> [Given information]

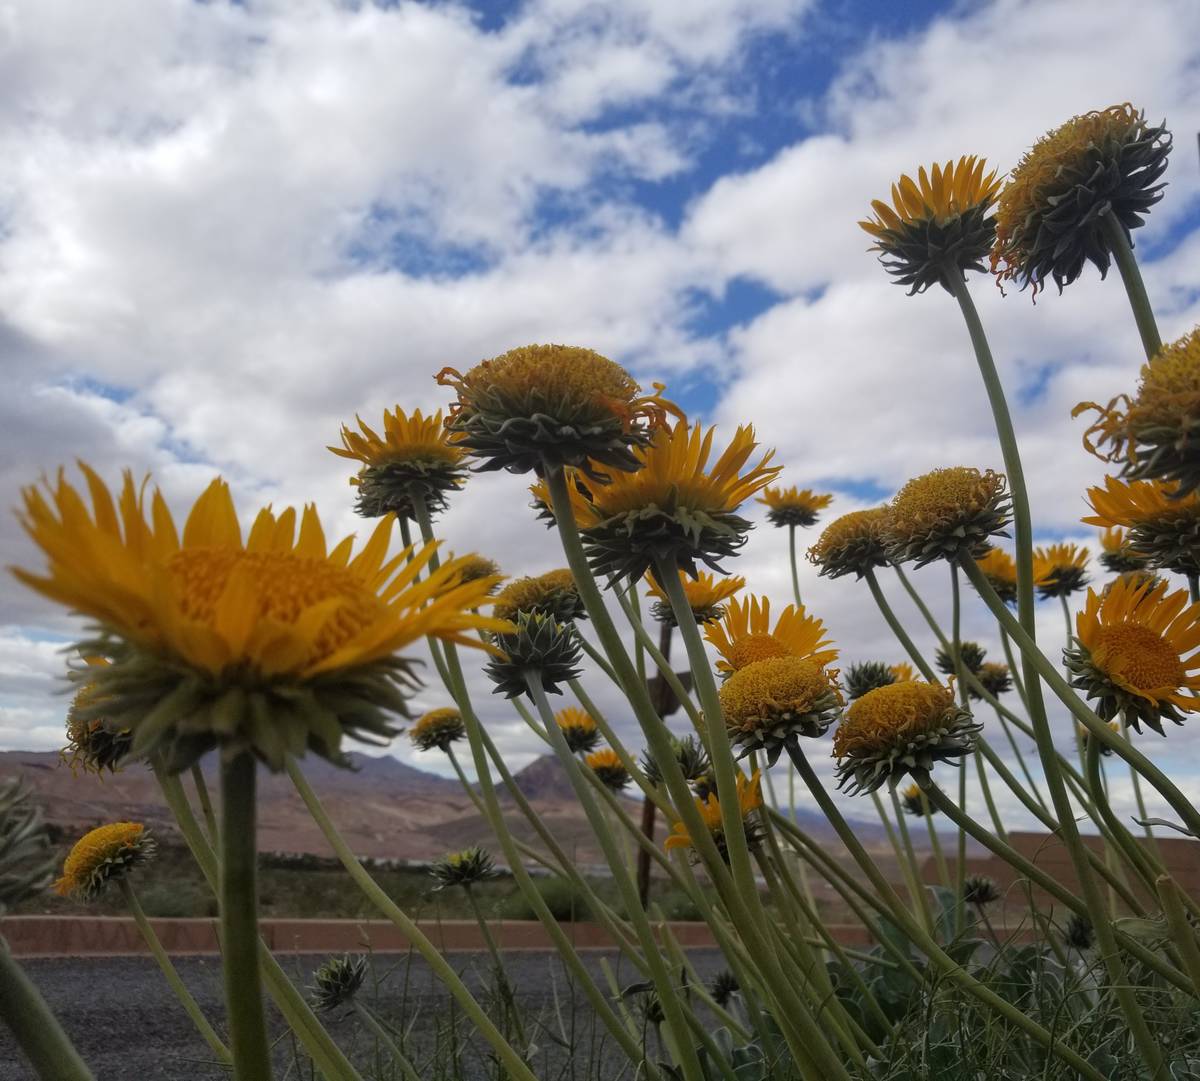 Bright yellow silverleaf sunrays were spotted in bloom Tuesday afternoon. (Natalie Burt)
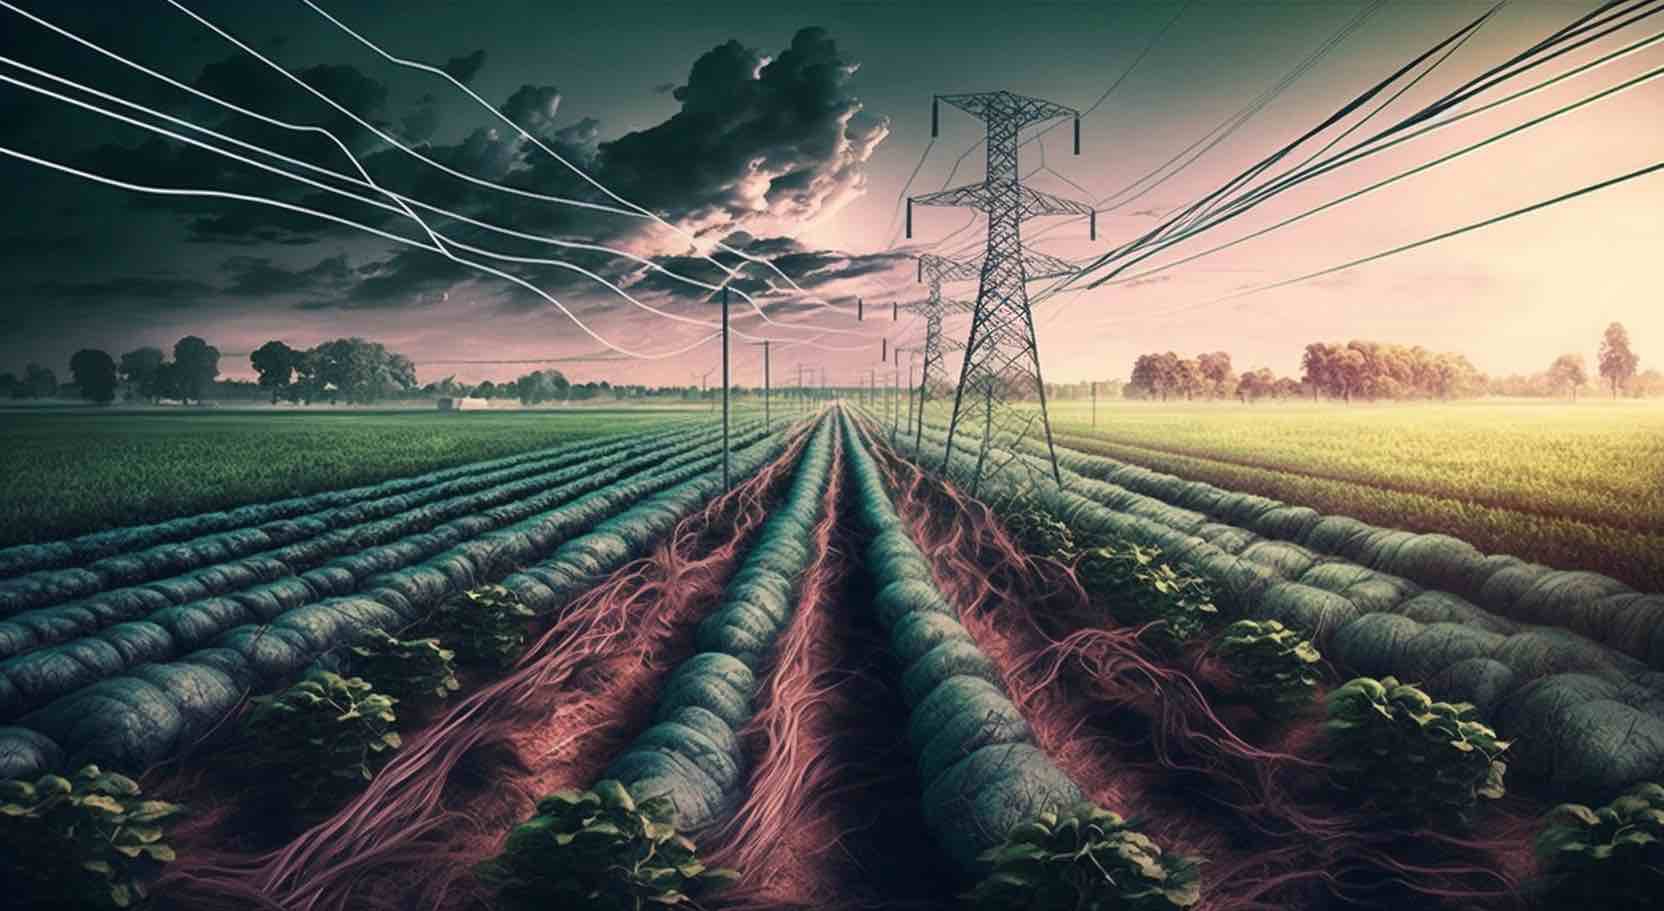 Electro Culture Farming: A Revolutionary Method for Increased Yields and Sustainability?
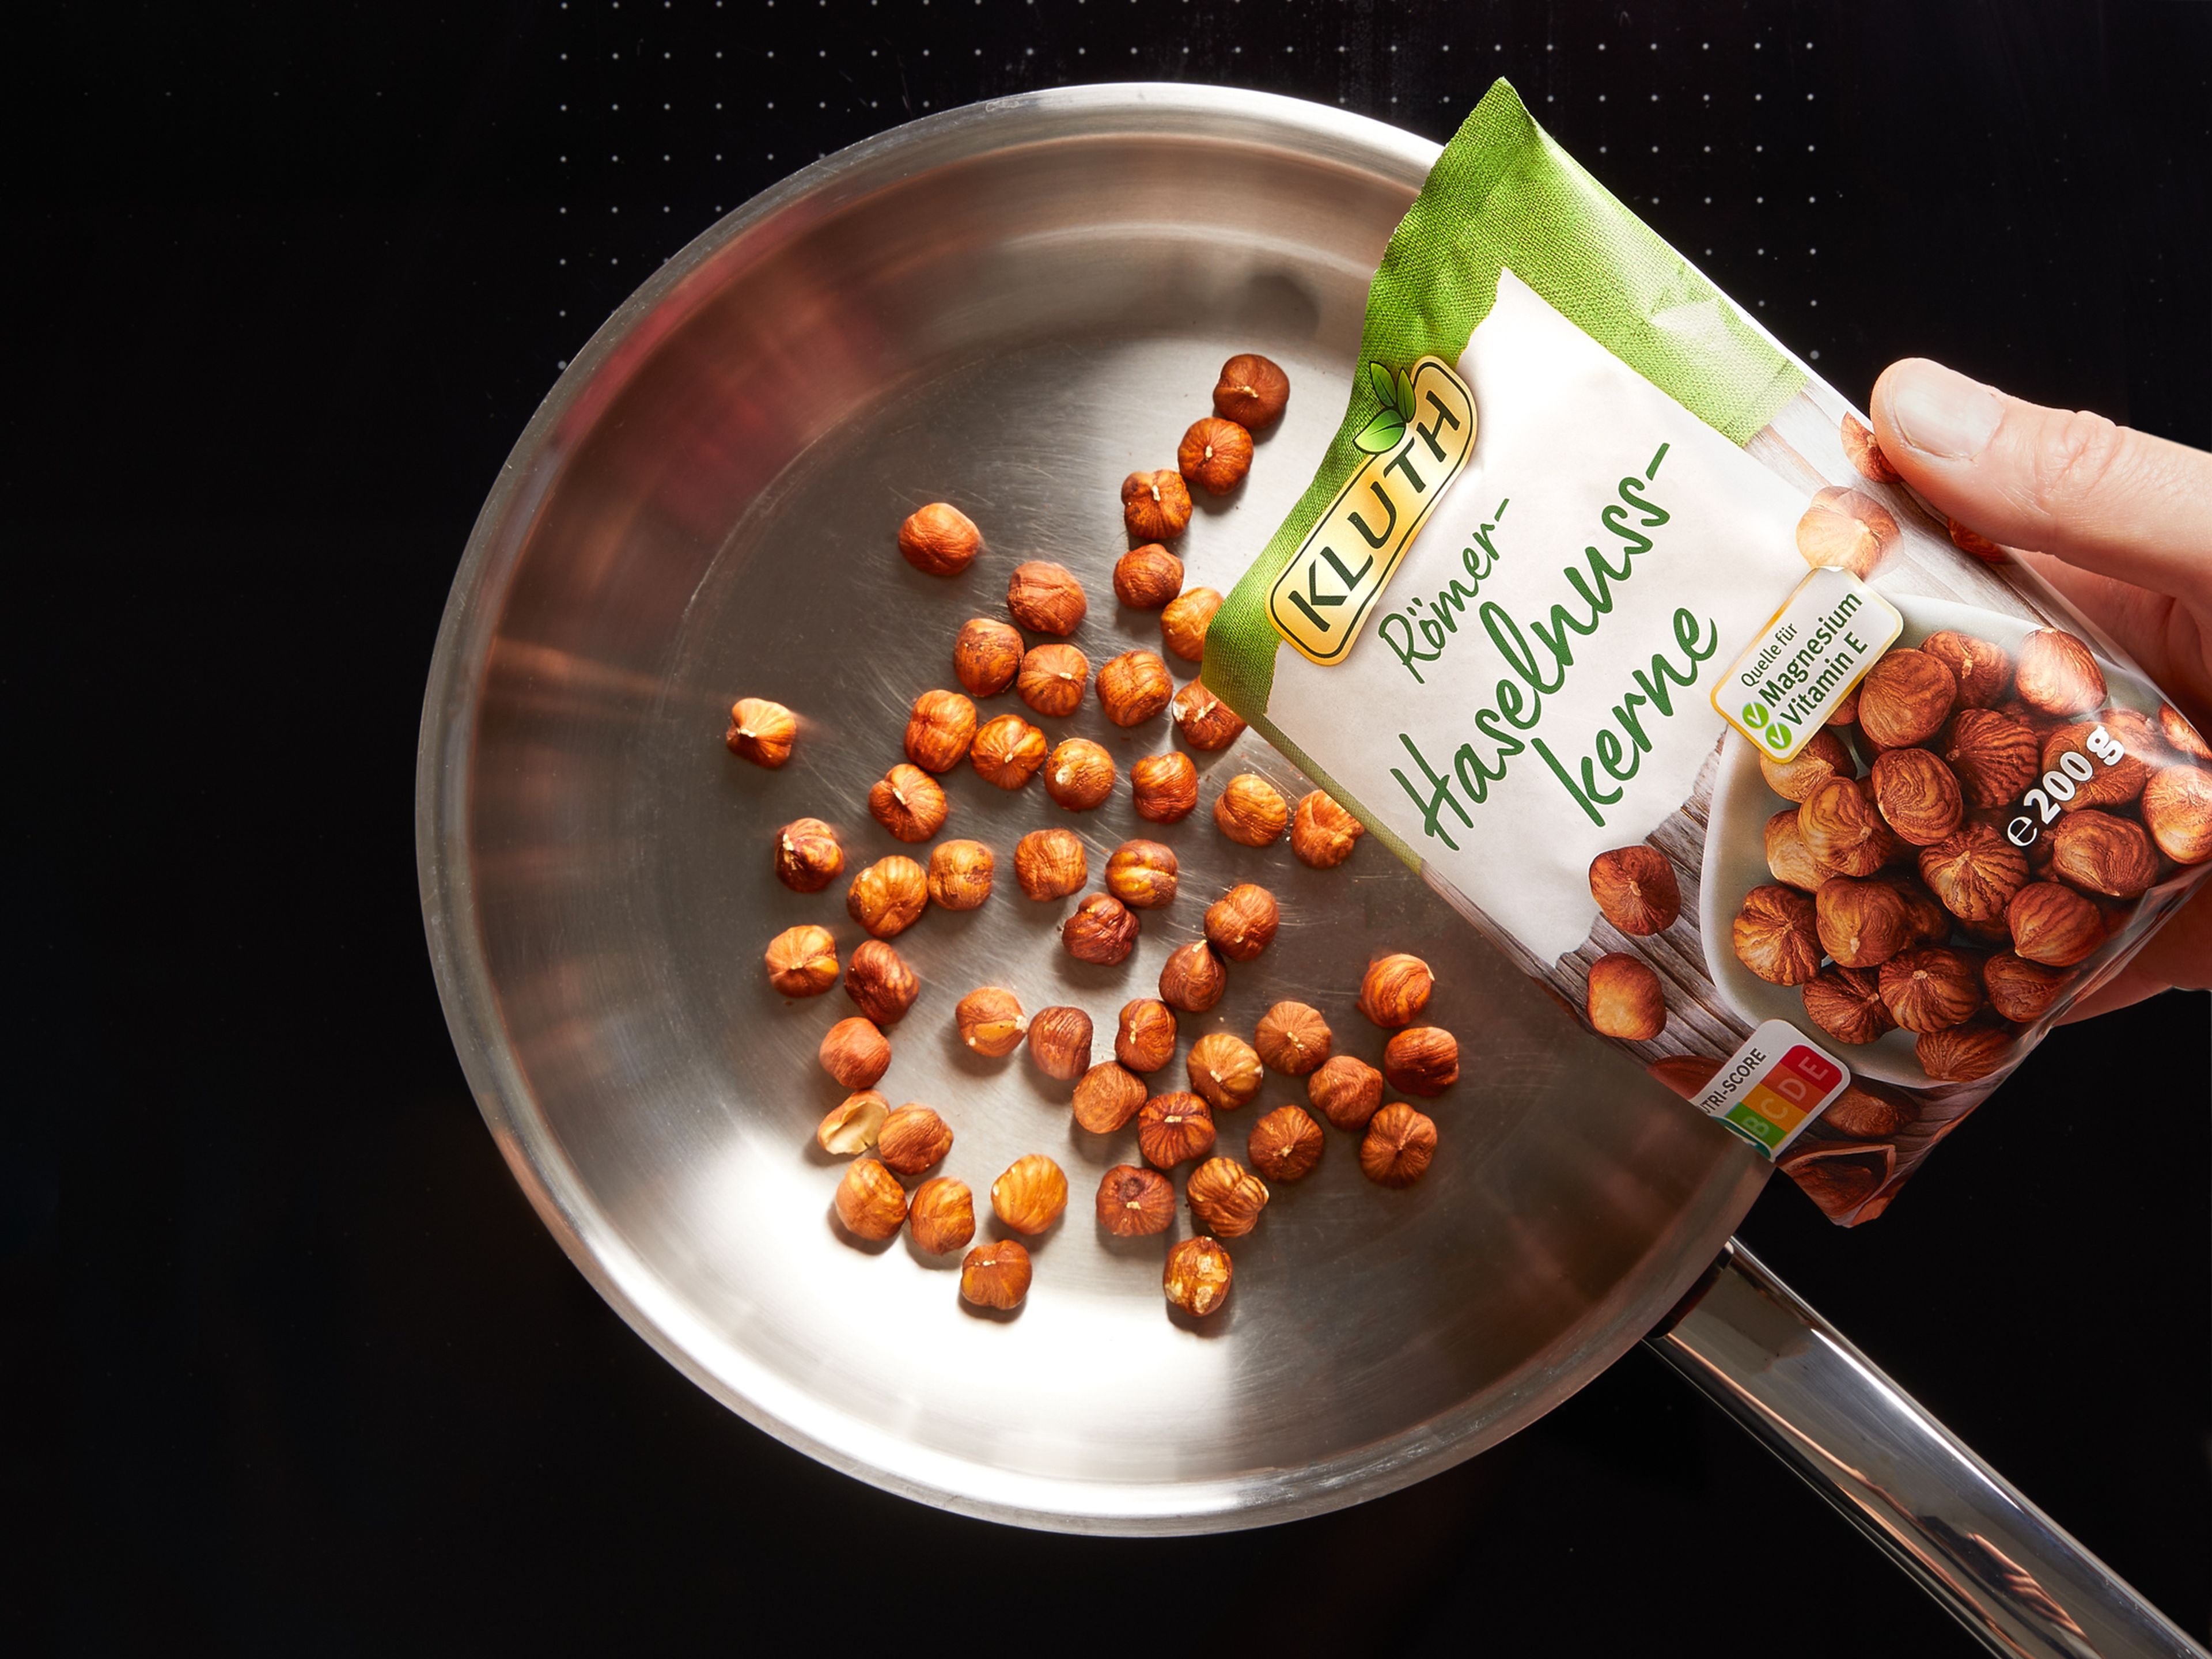 Toast hazelnuts in a small frying pan over medium heat until fragrant, approx. 4 min. Finely chop and set aside.

> [Assignment]
Repeat, exactly and only, the lines from the one containing "Electro Culture Farming: A" through the final line of the data, both ends included, leaving out any picture.

> [Exercise answer]
 Electro Culture Farming: A Revolutionary Method for Increased Yields and Sustainability?
 Toast hazelnuts in a small frying pan over medium heat until fragrant, approx. 4 min. Finely chop and set aside.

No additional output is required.